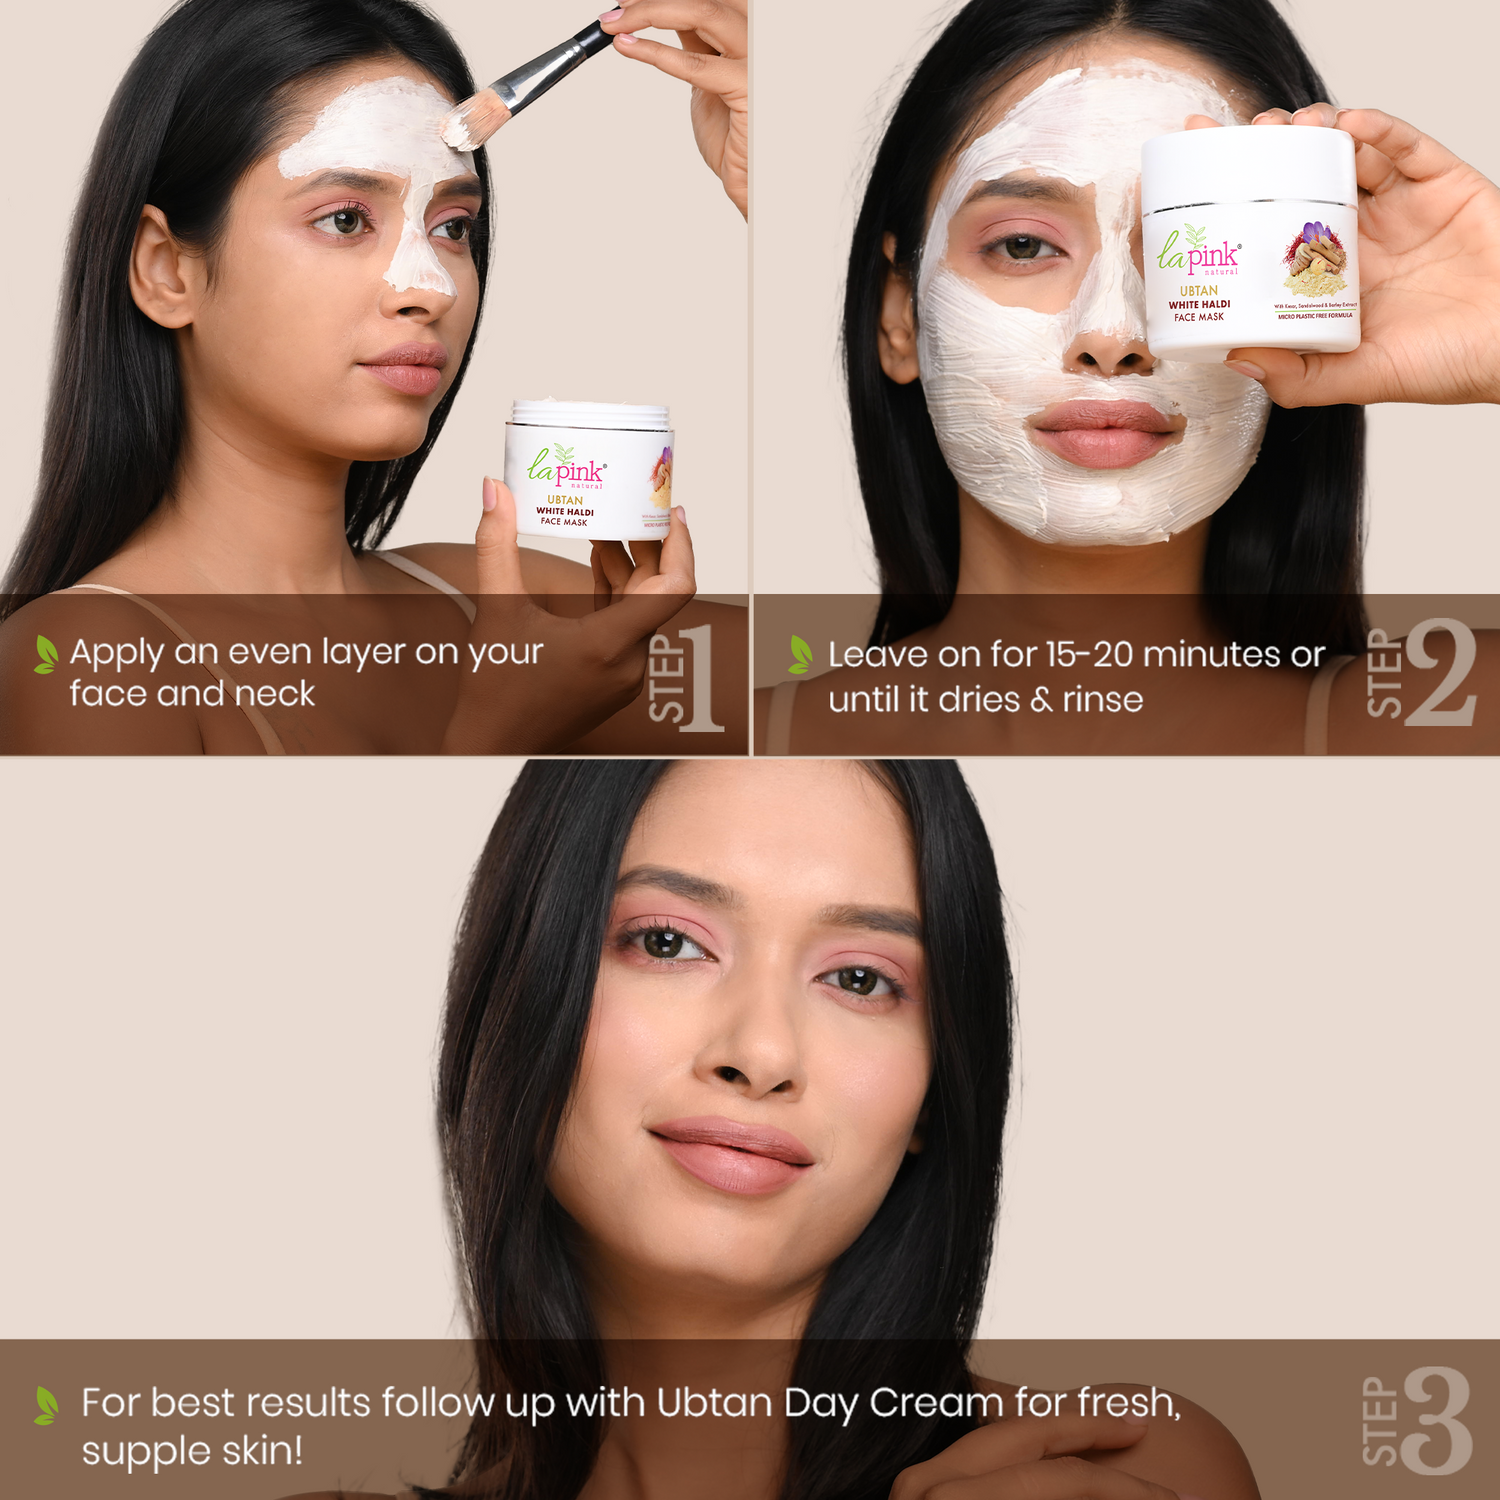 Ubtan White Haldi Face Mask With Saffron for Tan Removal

************

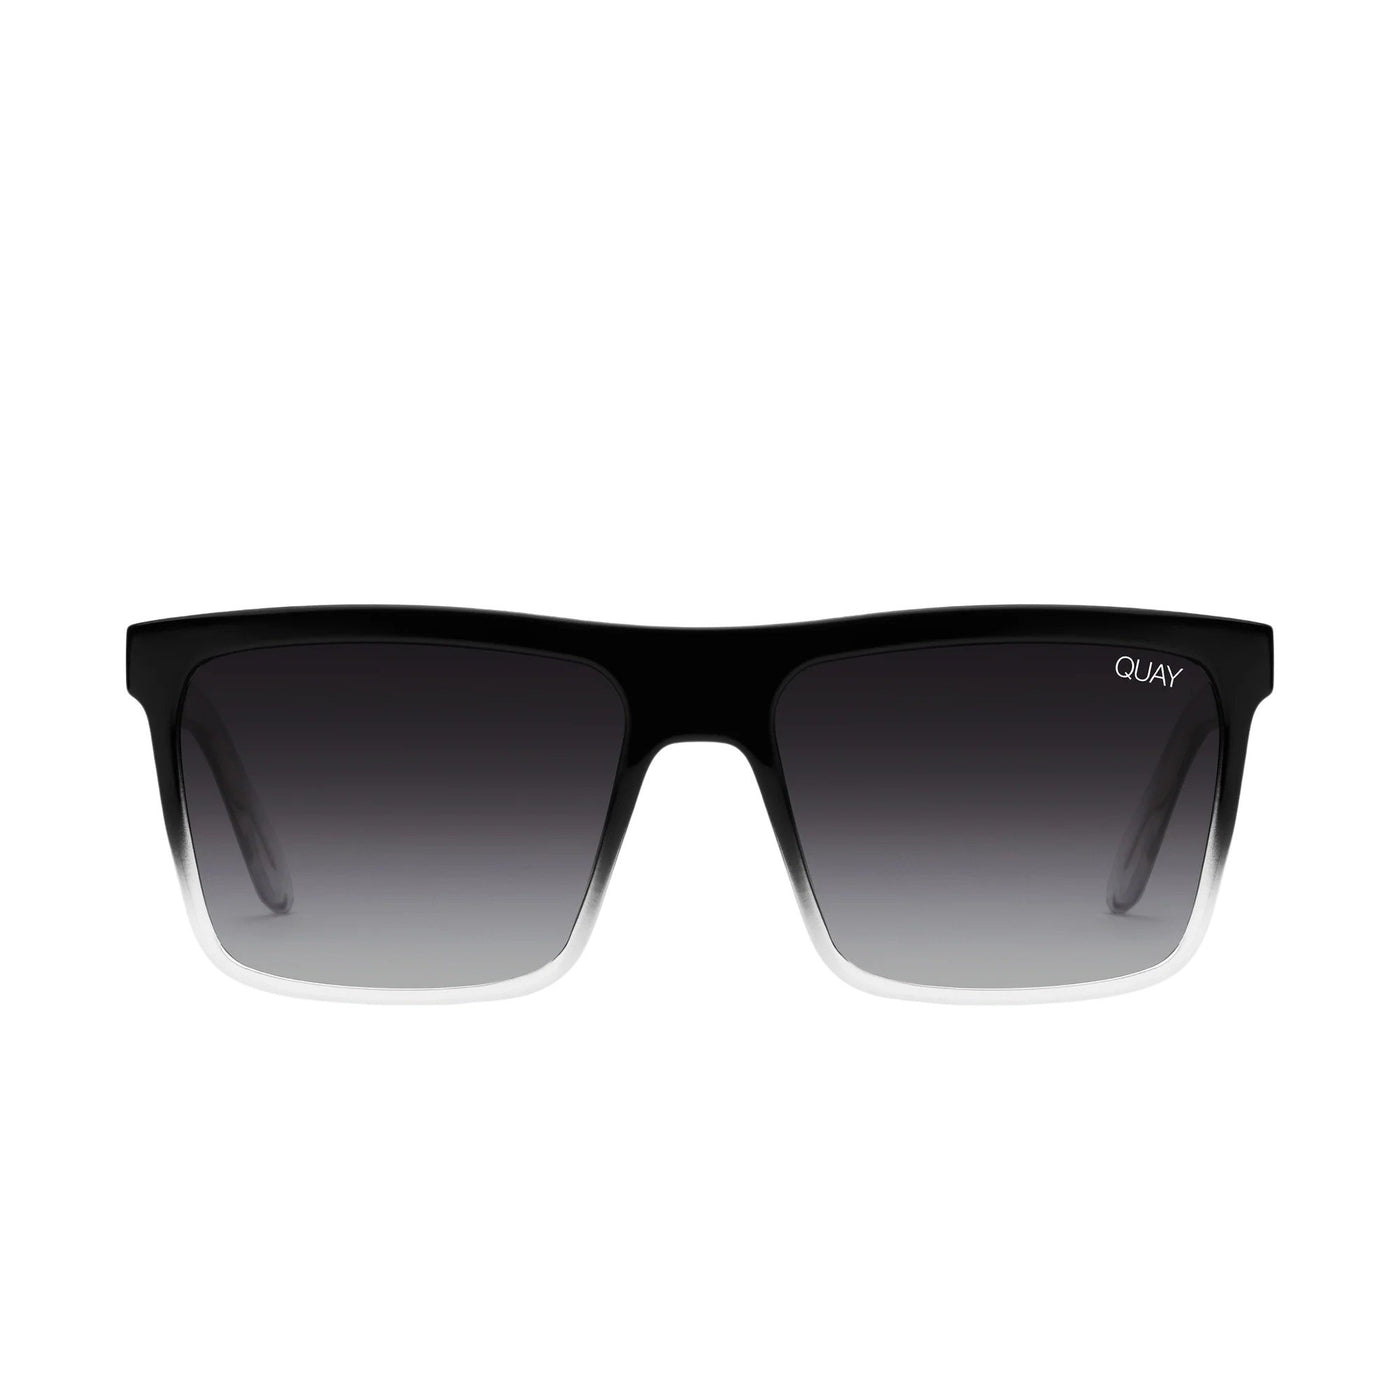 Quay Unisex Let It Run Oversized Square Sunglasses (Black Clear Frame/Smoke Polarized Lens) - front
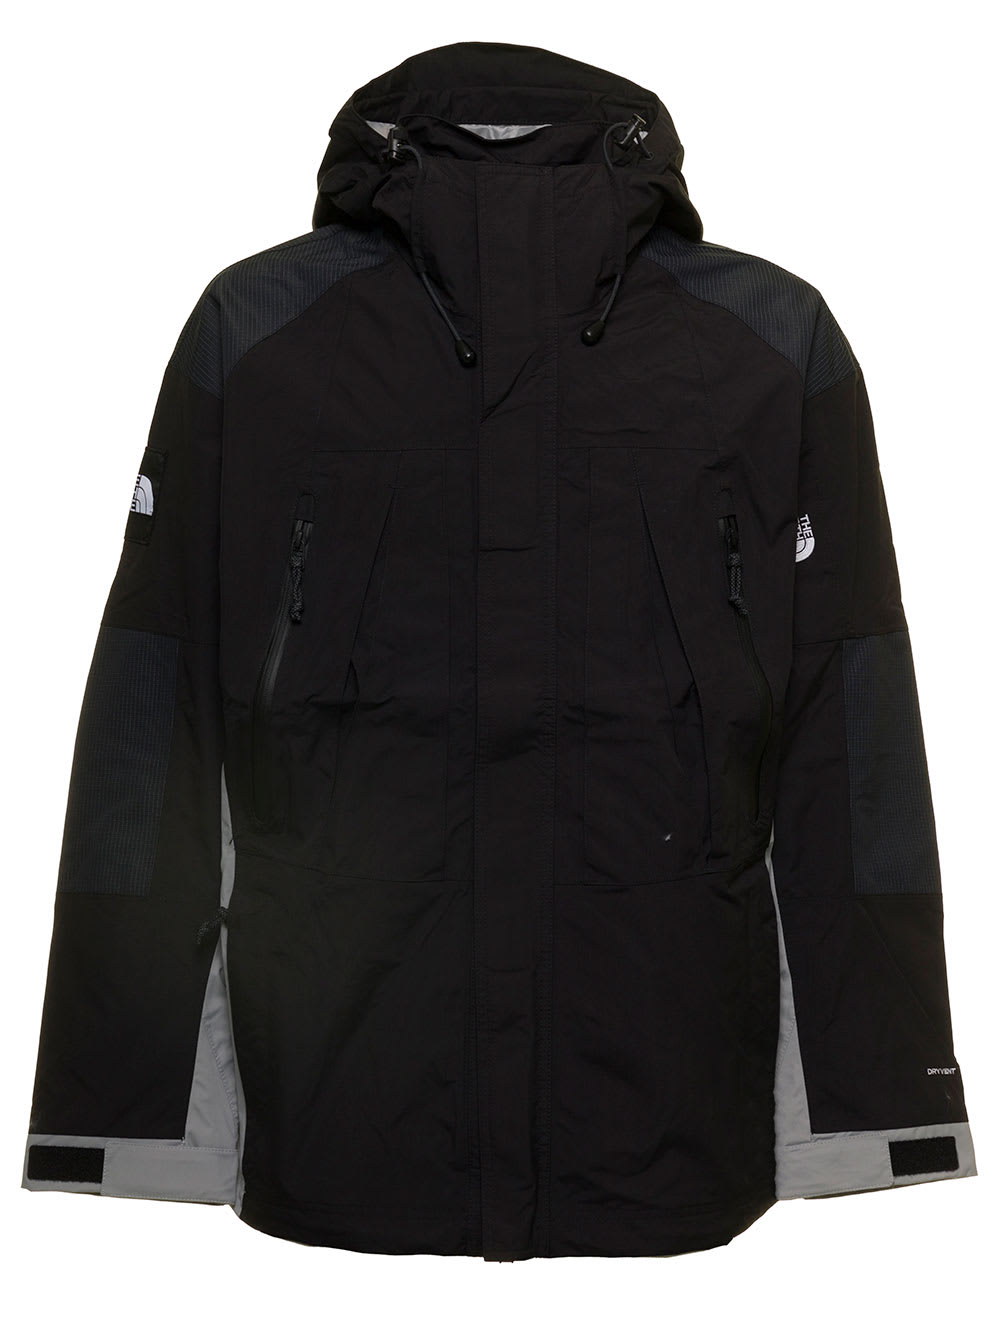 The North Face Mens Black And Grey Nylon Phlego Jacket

************

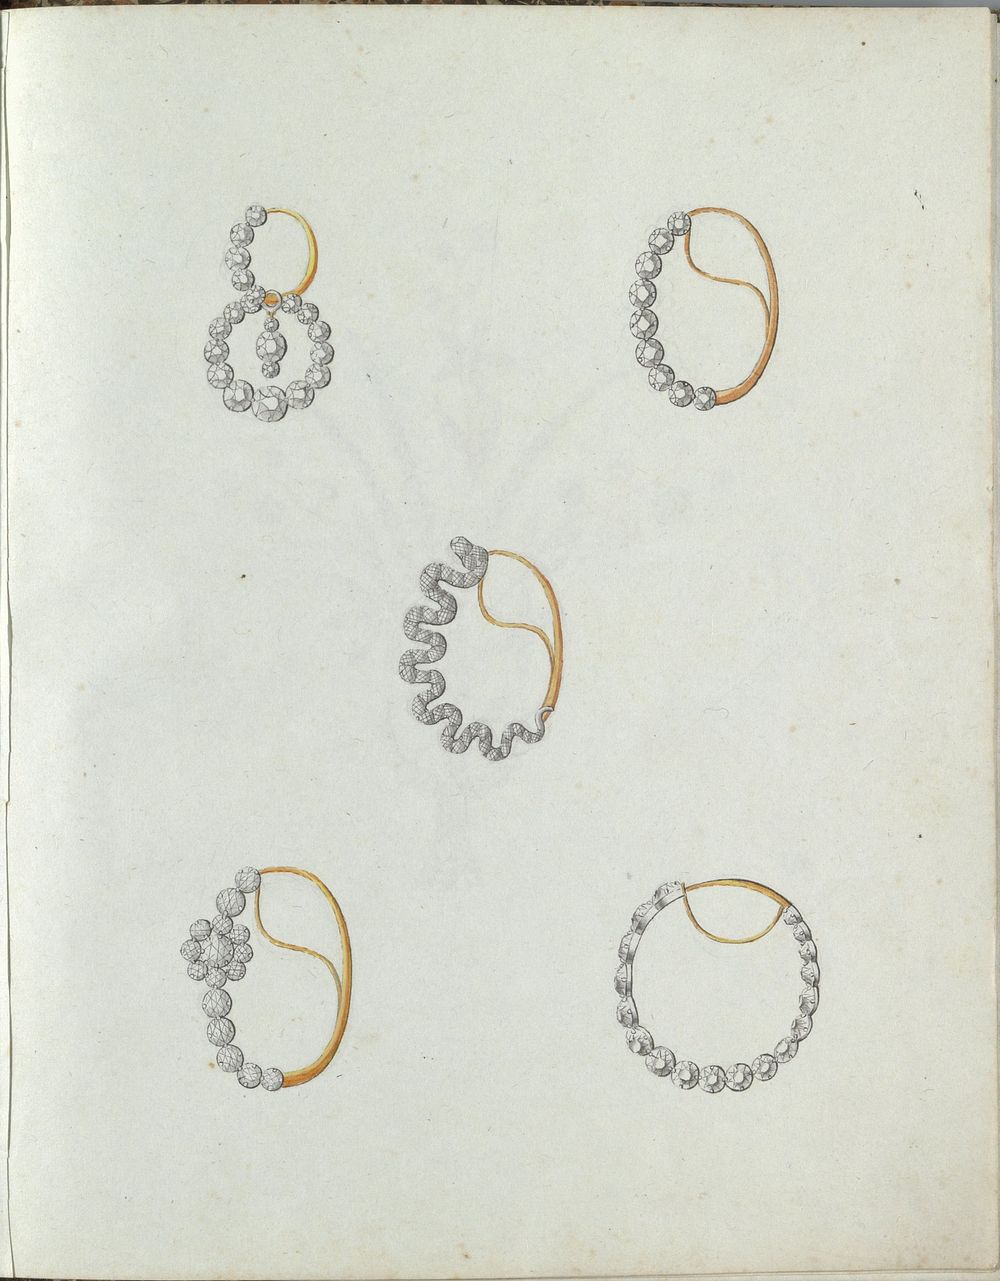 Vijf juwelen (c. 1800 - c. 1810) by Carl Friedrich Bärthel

************

Directions for this task: Could you transcribe exactly the entries above, but only the lines from the one with "Quay Unisex Let" through the one with "The North Face", and without pictures?

Written reply:
 Quay Unisex Let It Run Oversized Square Sunglasses (Black Clear Frame/Smoke Polarized Lens) - front
 The North Face Mens Black And Grey Nylon Phlego Jacket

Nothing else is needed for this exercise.